Josh_Soref: I hope we can hide some of these use cases behind intents
... such as using a barcode
... if it is just being used for an id for project, any input should be useable
... I think many problems fall into this category

dsr: These tags contain more than just id

OliverD: also in many cases we would not want to make it easy to supply bad information
... in a shop you would only want real ids to be supplied

Josh_Soref: for the payment case I guess it is a sealed environment that allows only one intent
... if I am just walking around then other inputs should work

dsr: currently stores use physical stickers
... so this is still an improvement

richt: for the intents stuff is app triggering part of it?

darobin: for the APIs I've seen so far you need the app already running

dsr: yes, for NFC not having the app running is essential

gbillock: for the way web intents is now, it uses a new context and will load a service if it is not running
... browser initiated intents are interesting

darobin: for intents you would want something like register protocol handler for registering global NFC handlers

Josh_Soref: if I walk around in an area with NFC and Bluetooth people can spam me locally
... with nearby tags and with Bluetooth and SMS
... we need to be aware of it and maybe not make it instant

<richt> +1 to darobin's suggestion on using rPH...or simply HTTP URL registration on certain triggers.

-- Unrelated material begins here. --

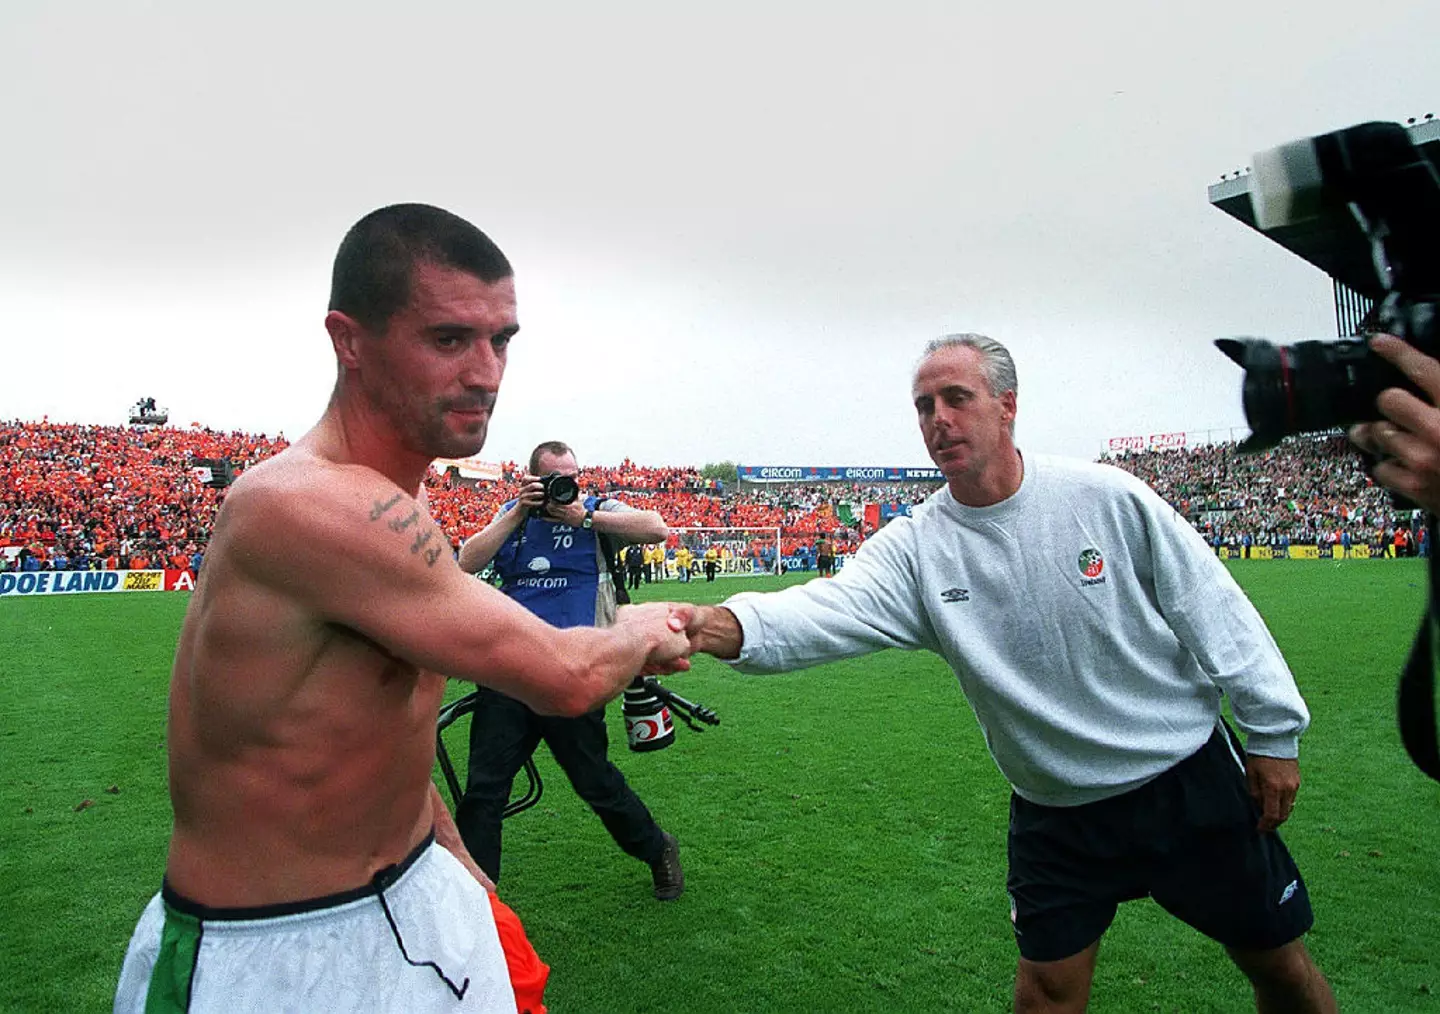 Keane was sent home by Ireland manager Mick McCarthy at the 2002 World Cup (Image: Getty)

bryan: they would have to be very close for it to matter with NFC

<dsr> NFC range is typically within 3cm

bryan: if an app were to register to be woken for an event that's a user permission

<darobin> [I didn't suggest we would use rPH — simply that we need global registration. I'd hope the design is better than RPH :)]

richt: we use URLs to trigger apps, so we could just use those

dsr: a tag might have multiple fields so we need to mediate between the multiple ones that might be in range

darobin: Josh_Soref concern about interruption is more about UI design
... is not suitable for spec

<dsr> users may need some means to set their preferences for which intents take precedence

darobin: future steps? NFC is big, how much of it do we need?

dsr: a good question, and how much of it is good for dap?
... perhaps NFC and crypto can be left for other groups
... we can address a higher level API that fits well in our model
... this is a brainstorming session, I think we need more focused study

bryan: people in at&t doing this have asked for some usecases and what interest w3c has in this

richt: I think triggers is interesting
... reading the data from that trigger
... then maybe the write functionality could be split out?

OliverD: Sylvain has further expertise on this
... it would be a shame if the NFC payments were missed out

dsr: when it comes to payments, that could be out of scope

<richt> wrt writebacks, it's something we don't necessarily have a good UI story for yet.

dsr: w3c is looking at this at higher level

<richt> reading/obtaining data is easy. writebacks are more complicated to do as part of the user workflow.

<Zakim> Josh_Soref, you wanted to say that just because the user sometimes trusts the app to do something doesn't mean they always want to be interrupted

bryan: i heard earlier that
... an intent is fired by something outside the browser
... that intent would create a new window
... is the url that
... the app wanting to be woken up

jhawkins: we only have inline and window
... but we have a proposal to consider an existing disposition
... our concern was around interrupting existing sessions
... but that's a problem for the site/us
... we'll send a proposal
... to add an "existing" disposition
... which requires adding an Intent Event
... that was another reason for adding an Event

bryan: i also had another case
... for an app that wants to receive multiple Push Events
... if the same event comes in, it could be broadcast to multiple

jhawkins: so you'd use some local communication

richt: or you could specify a target when you register the intent?


dsr: mary visits sophie

[ she doesn't like WPS ]

dsr: so she uses an NFC tag to connect to a network

<richt> similar to the window.open target parameter.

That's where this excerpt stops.